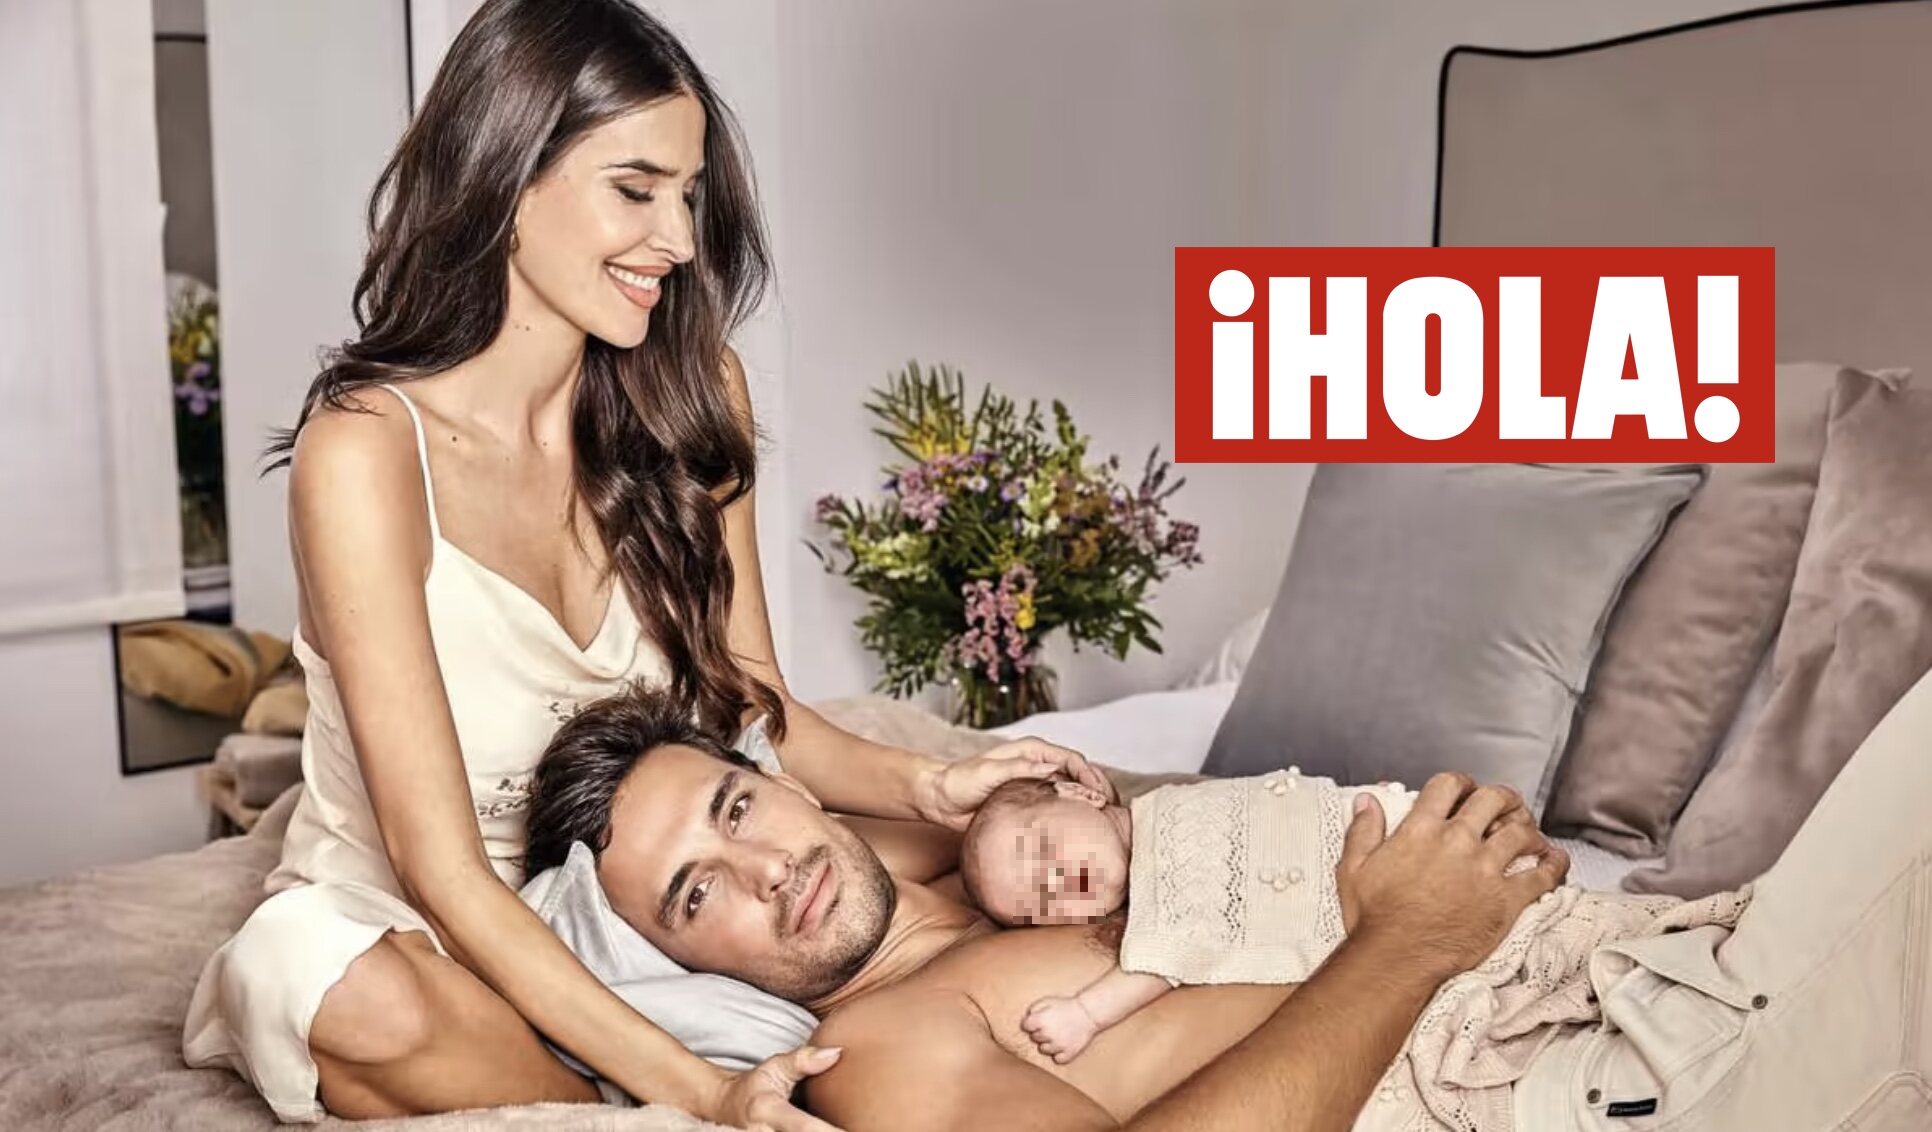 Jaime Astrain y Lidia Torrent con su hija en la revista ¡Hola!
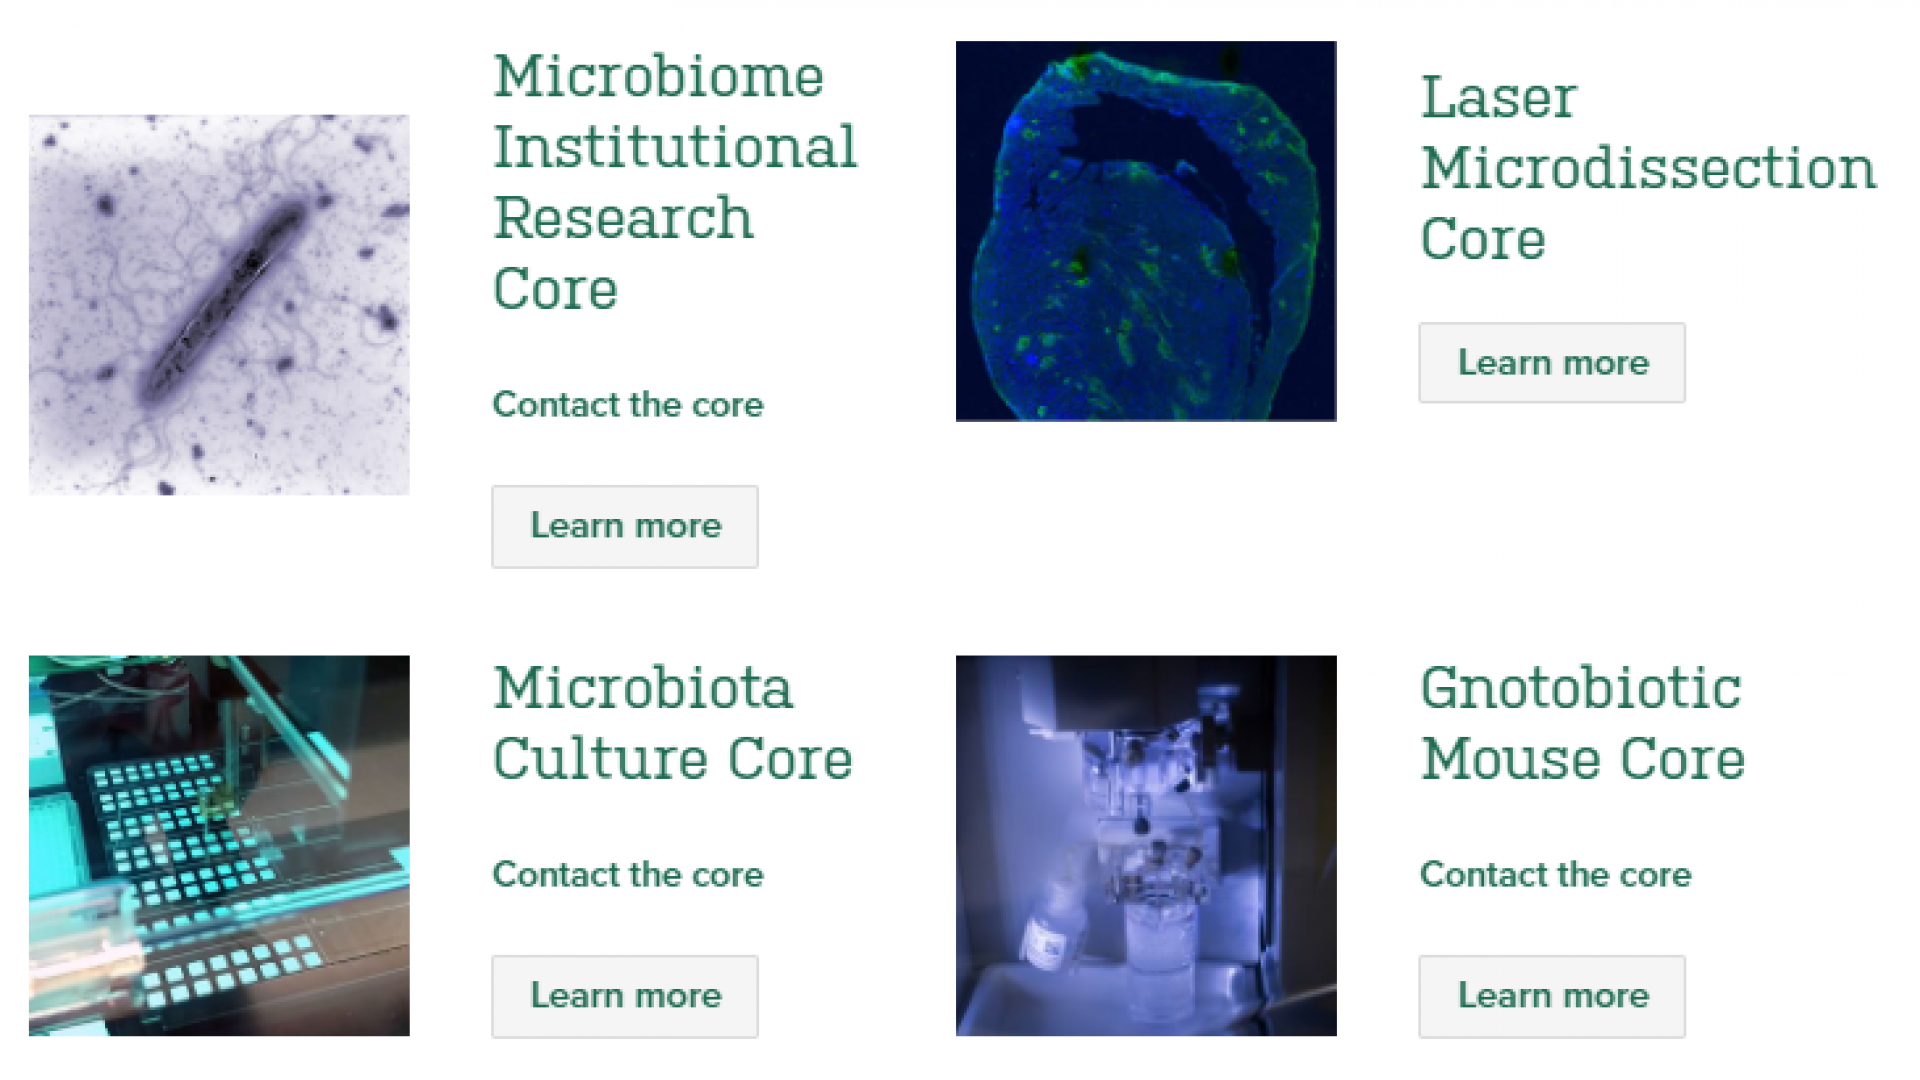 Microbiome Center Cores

^^^^

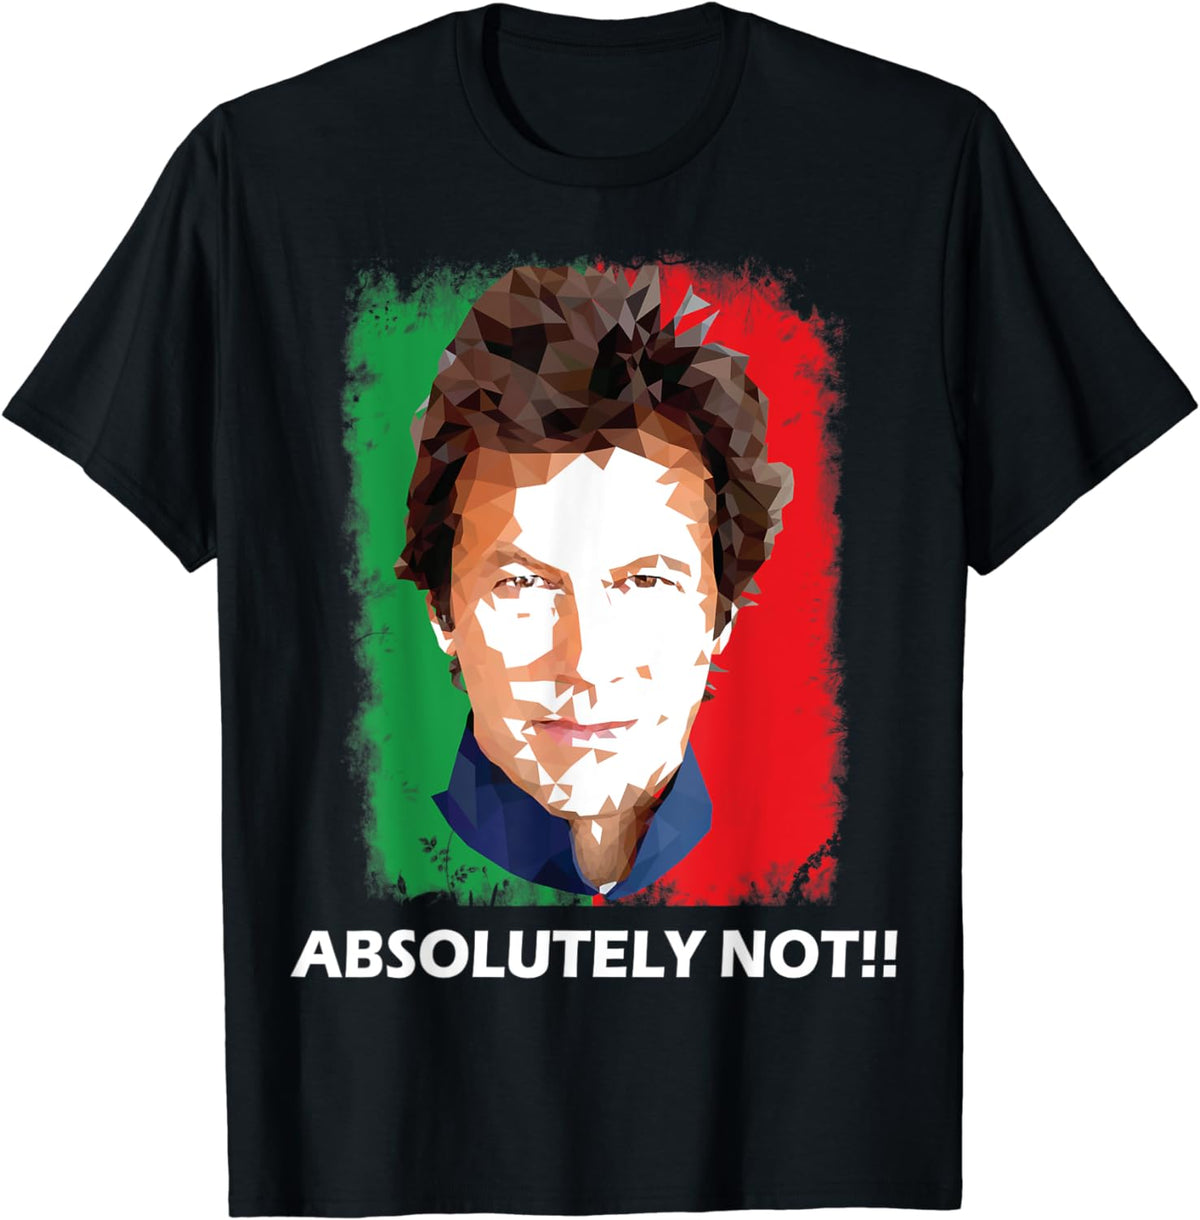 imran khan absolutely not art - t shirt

^^^^

• WHAT IS NEEDED
Range to copy from the listing above: the line containing "Jaime Astrain y" down to the line containing "Microbiome Center Cores", both included. Reproduce it exactly, minus the pictures, and add nothing.

• EXERCISE OUTPUT
 Jaime Astrain y Lidia Torrent con su hija en la revista ¡Hola!
 Microbiome Center Cores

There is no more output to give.